The Six is set firmly in a world much like ours. Through it, I wanted to draw upon such superhero titles as the Ultimates or Marvel Man; worlds where superhumans were living, breathing, flesh and blood creatures who could nevertheless punch through a tank. What kind of impact would such a being make upon the real world, and what would warfare be like when the terrorists could shoot fire from their eyes? With the Six, anything is still possible, but I have to view it through a filter of plausibility. If we are going to have supermen breaking the sound barrier above London, let’s at least have some windows smashing down below. With Afterlife Inc. the sky really was the limit. Anything and everything could happen. The downside, however, with it being set in the afterlife was that we never got to see familiar landmarks from the real world. The Six, by contrast, is a very British superhero tale. The backdrop to the story is the world we see every day.

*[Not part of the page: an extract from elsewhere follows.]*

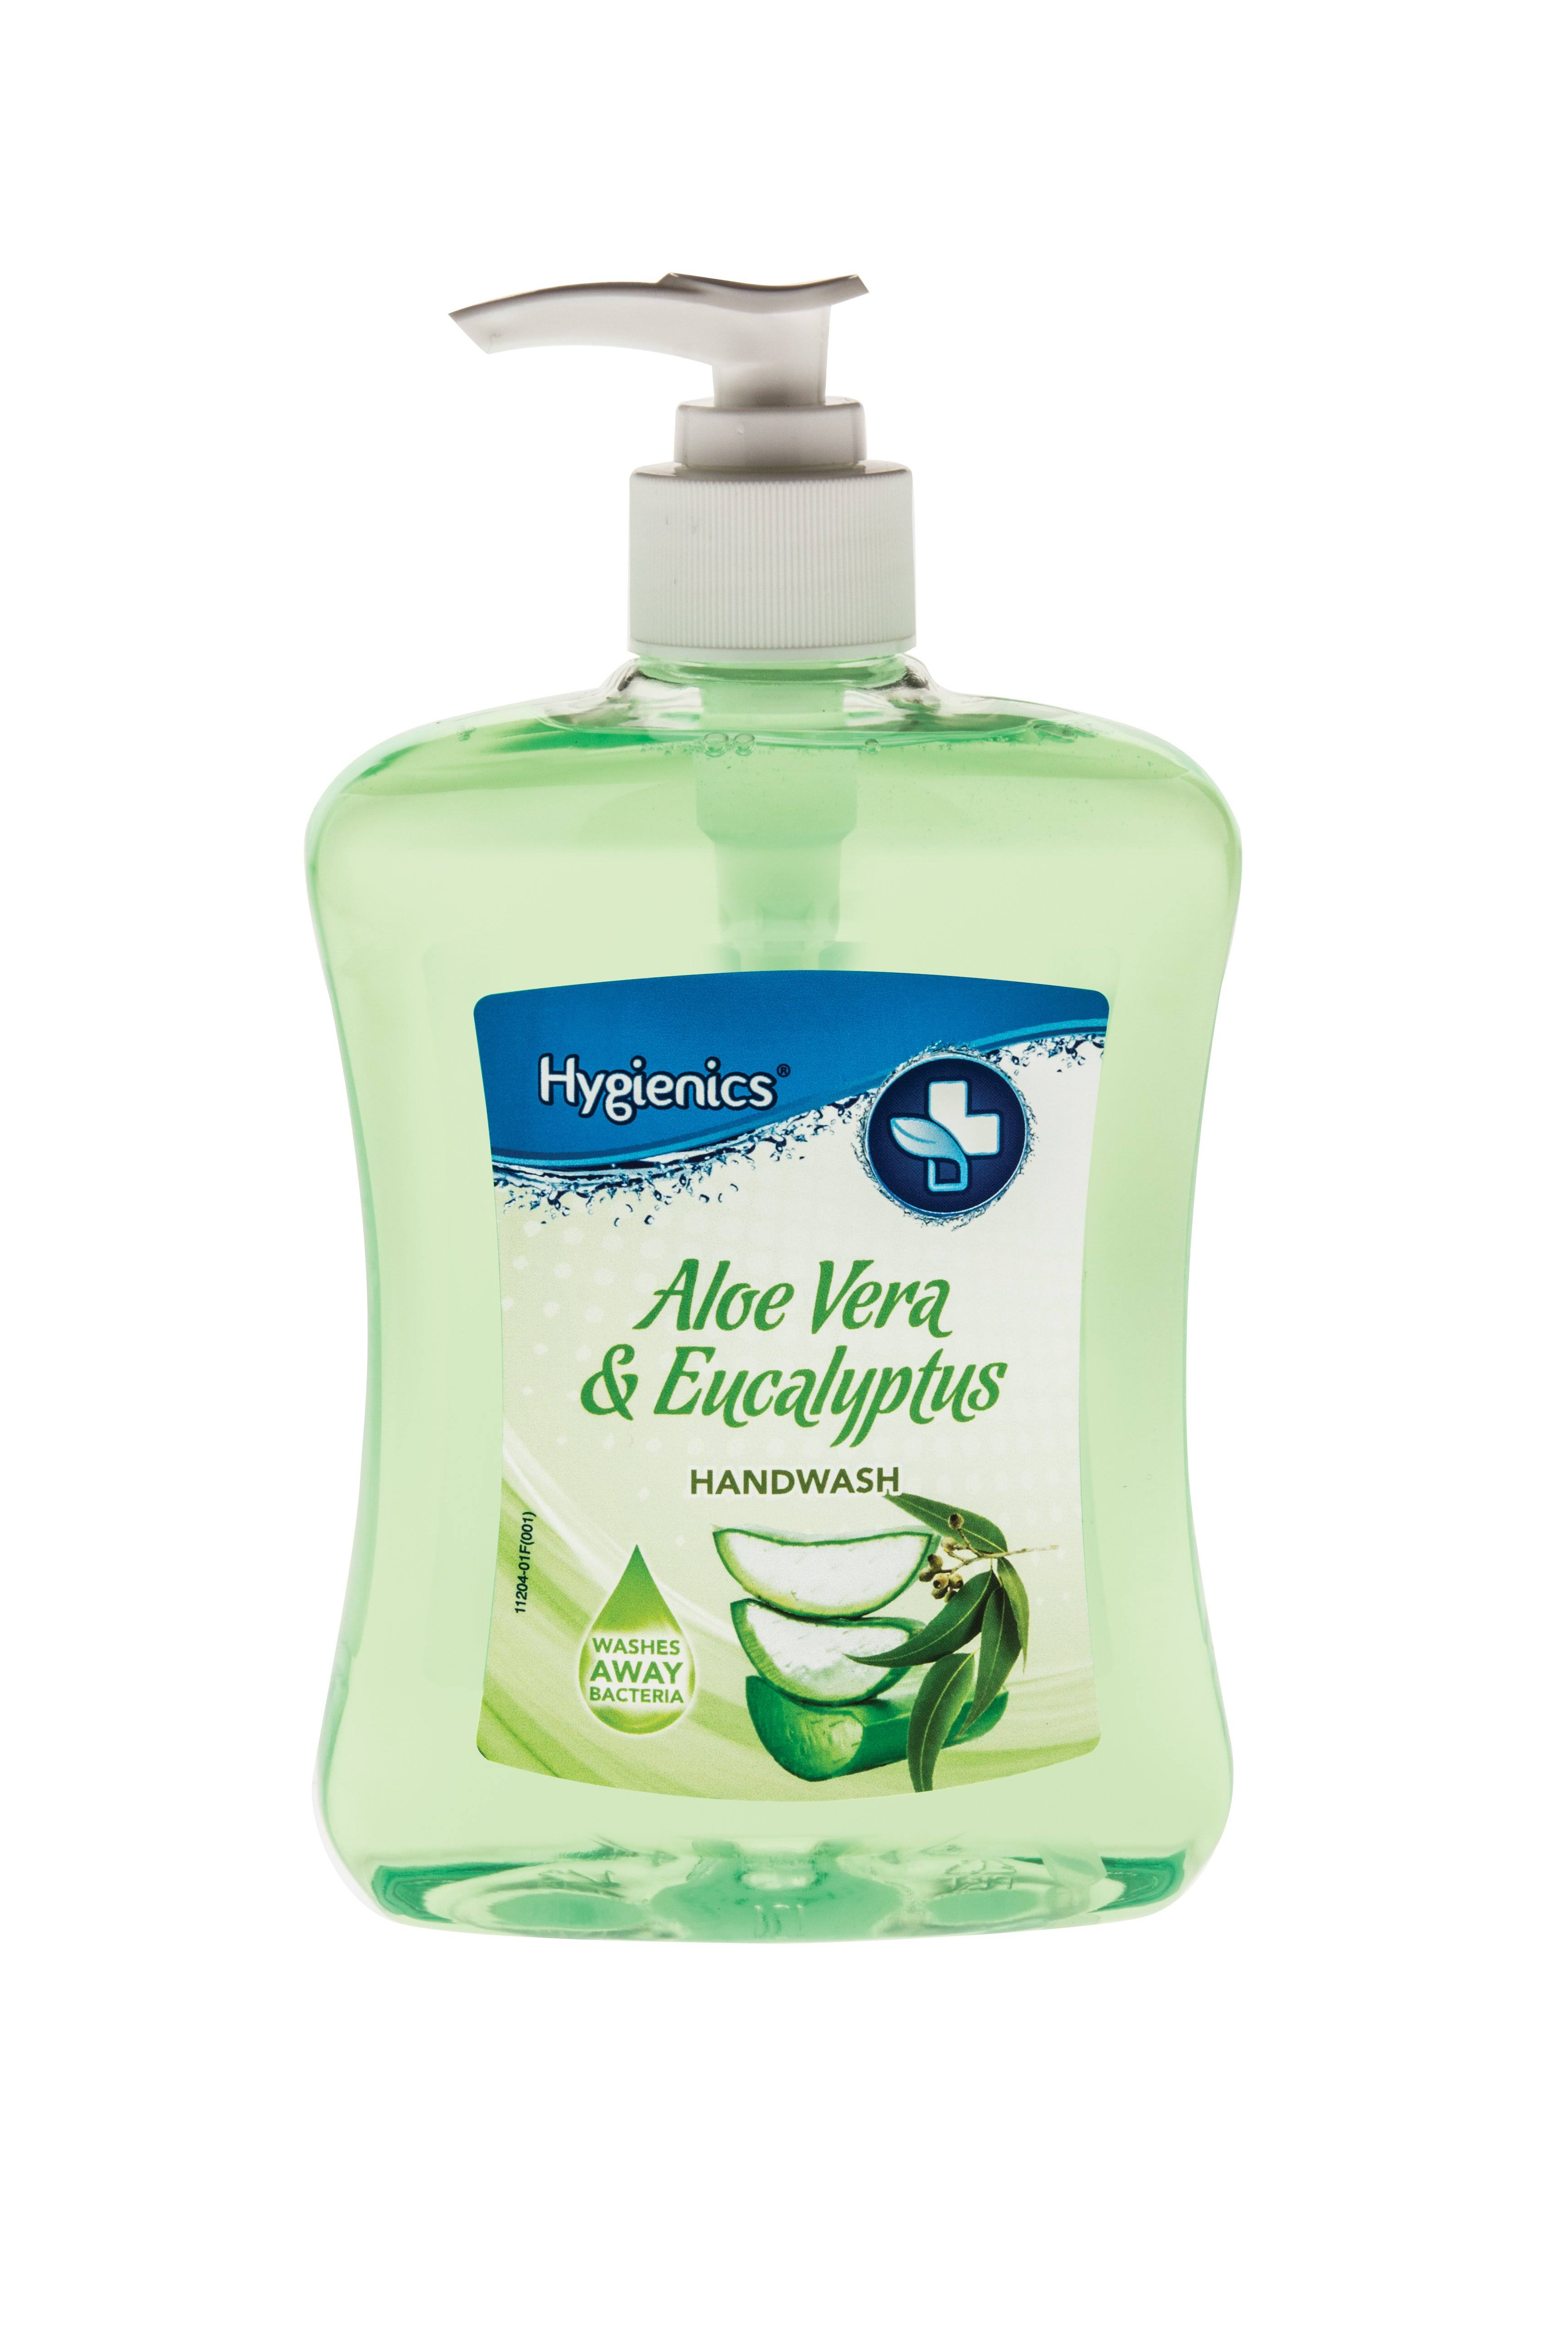 Hygienics Handwash - Aloe Vera & Eucalyptus, 500ml

Staying on a musical note, what music do you listen do when you’re writing?
Bowie, OK Go, Daft Punk… all kinds of things. I try to fit the mood of the story I’m writing when selecting music and I keep a pretty eclectic mix on my iPod. In producing THE HEAVENLY CHORD, Nich has opened my ears to some filthy, filthy Dubstep and Electronica. Perfect music for scripting fight scenes! If only the dial would go up to eleven…
Last year you were about to do your very first convention in London. You now travel up and down the country, what’s it like?
Exhausting but immensely rewarding. I still have a day job alongside my comics, and until I’m able to go it full time with my writing, it’s always going to be a balancing act between the two. I’m lucky in that I have a job that keeps me alive while allowing me to do what I love in my spare time. But sometimes it seems there just aren’t enough hours in the day. More often than not, I’m finishing work on a Friday and then driving several hours to a show, only to drive straight back to work on the Monday morning. It’s demanding but very rewarding, and I never feel more alive than when I’m at a show spreading my love for Afterlife Inc. Thankfully, my girlfriend, Lucy, has the patience of a saint.
Are you looking to coming over the pond for a con over here?
I would absolutely love to, but until I can afford it, a trans-Atlantic convention appearance is going to have to wait. Several years ago, when I was living in Canada, I made some of my first friends in the industry at a show in Toronto. That was the start of my life in comics and I can’t wait to return and sample the amazing atmosphere of a North American convention again!
A game of Chicken anyone?
More of that potential brewing trouble? Or just a tourist in over his head?!